Lo spirito di Adeline, irritata se la cena era in ritardo,
sempre la prima a tendere il piatto per farselo riempire,
aleggiava ancora in quel luogo e fissava con occhi ardenti
ed espressione soddisfatta i commensali.

 

È arrivato in libreria – precisamente dal 28 gennaio – il terzo volume di Jalna, la saga canadese di Mazo de la Roche che è diventata sempre più appassionante e che intende riservarci tante sorprese, dato che sarà composta di tanti altri volumi. Questo terzo capitolo è intitolato La fortuna di Finch perché, come nel precedente, la figura centrale della vicenda è Finch Whiteoak, che è colui che verso i diciotto anni ha ereditato il patrimonio della nonna Adeline. Dopo essere stato sbeffeggiato e ingiuriato dai familiari, al punto che per la sua personalità molto fragile ha tentato il suicidio, ora sta per compiere ventun’anni e avrà la possibilità di accedere all’eredità. Nel frattempo sembra che tutti i Whiteoak si siano rassegnati all’idea che i soldi siano andati a Finch, e quasi a voler sotterrare l’ascia di guerra decidono di organizzargli una festa di compleanno che farà sentire il ragazzo apprezzato e amato, almeno per quel che i suoi familiari riescono a fare. Lui sente molto il peso di questo patrimonio e decide di non tenerlo per sé, ma di fare dei regali a tutti, come per esempio una macchina a Piers, un aiuto economico a Meg e Maurice… e, forse la cosa più importante, un viaggio agli zii Nicholas ed Ernest. Zii e nipote partiranno per l’Inghilterra per passare un po’ di tempo con la zia Augusta nelle campagne del Devon.

«Detto tra noi, credo che il mio scopo nella vita sia essere il più altruista possibile.»
«Ottimo proposito», disse Ernest. «Secondo la mia esperienza, rendere felici gli altri porta felicità anche a noi stessi».

Finch troverà il modo di spendere altri soldi investendoli in maniera rischiosa o prestandoli a qualcuno a cui servono, ma la cosa più strabiliante che gli capita è proprio quel viaggio in Inghilterra, dove Augusta ha deciso di fargli conoscere la cugina Sarah, così simile a lui e così strana nei comportamenti che quasi quasi i due ragazzi potrebbero essere più che cugini. Ma la vita non è mai facile, si sa, e il ragazzo dovrà vedersela con un rivale.
Altro capitolo quello di Renny e Alayne, che in precedenza sono stati così innamorati e adesso devono affrontare dei problemi legati soprattutto al fatto che lei non è una vera Whiteoak. E abbiamo già visto nei due volumi che precedono questo quanto la loro sia una famiglia chiusa, unita e forte a modo suo, ma che difficilmente accetta i membri esterni.
Ma tutti questi sconvolgimenti accadono mentre Ernest e Nicholas sono, appunto, in Inghilterra. Come troveranno i due anziani zii la loro casa al ritorno?

«Finora non ci siamo mai trovati senza un familiare anziano in casa. È stato come se avessimo gettato in mare la zavorra che ci stabilizzava.»
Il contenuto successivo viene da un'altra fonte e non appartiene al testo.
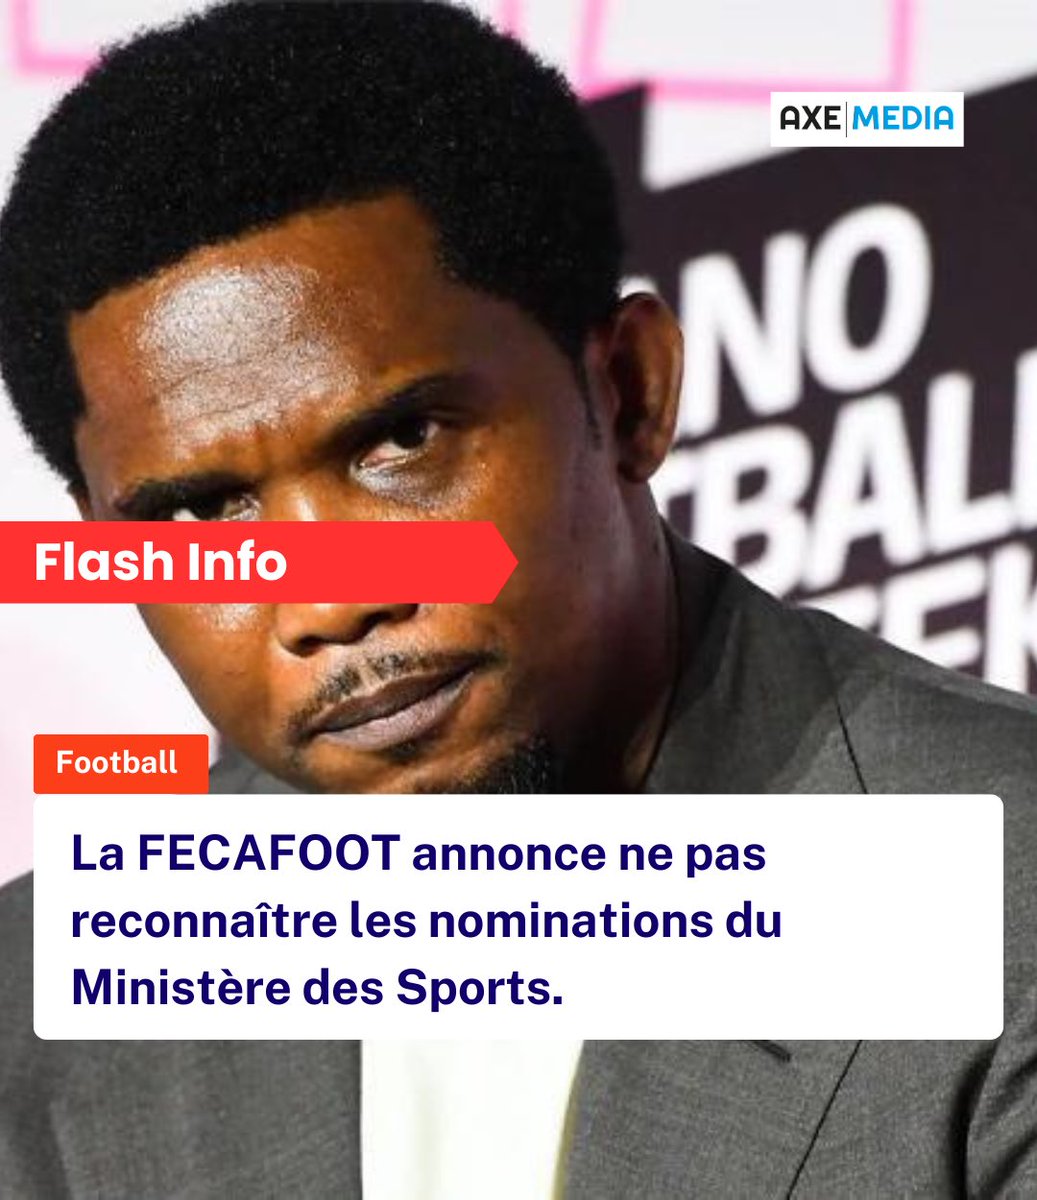 La FECAFOOT annonce ne pas reconnaître les nominations du Ministère des Sports.

#fecafoot #samueletoo #paulbiya #football #lionsindomptables🇨🇲🦁

Abbiamo già detto che una grande parte di questo romanzo si svolge in Inghilterra, ed è un bel cambio di scenario per questa storia in cui gioca un ruolo importantissimo la casa di famiglia, Jalna, appunto. Le descrizioni delle campagne del Devon e della vita in terra britannica sono affidate agli occhi di Finch che ne assapora ogni minimo dettaglio rendendolo quasi poetico. La natura, il cielo, le piante e perfino gli animali – oltre alle persone che conosce e incontra lì – hanno qualcosa da insegnargli, qualcosa che gli rimarrà sempre nel cuore e lo farà tornare a casa cambiato, forse anche più sicuro di sé, ma senza fargli smarrire la sua essenza.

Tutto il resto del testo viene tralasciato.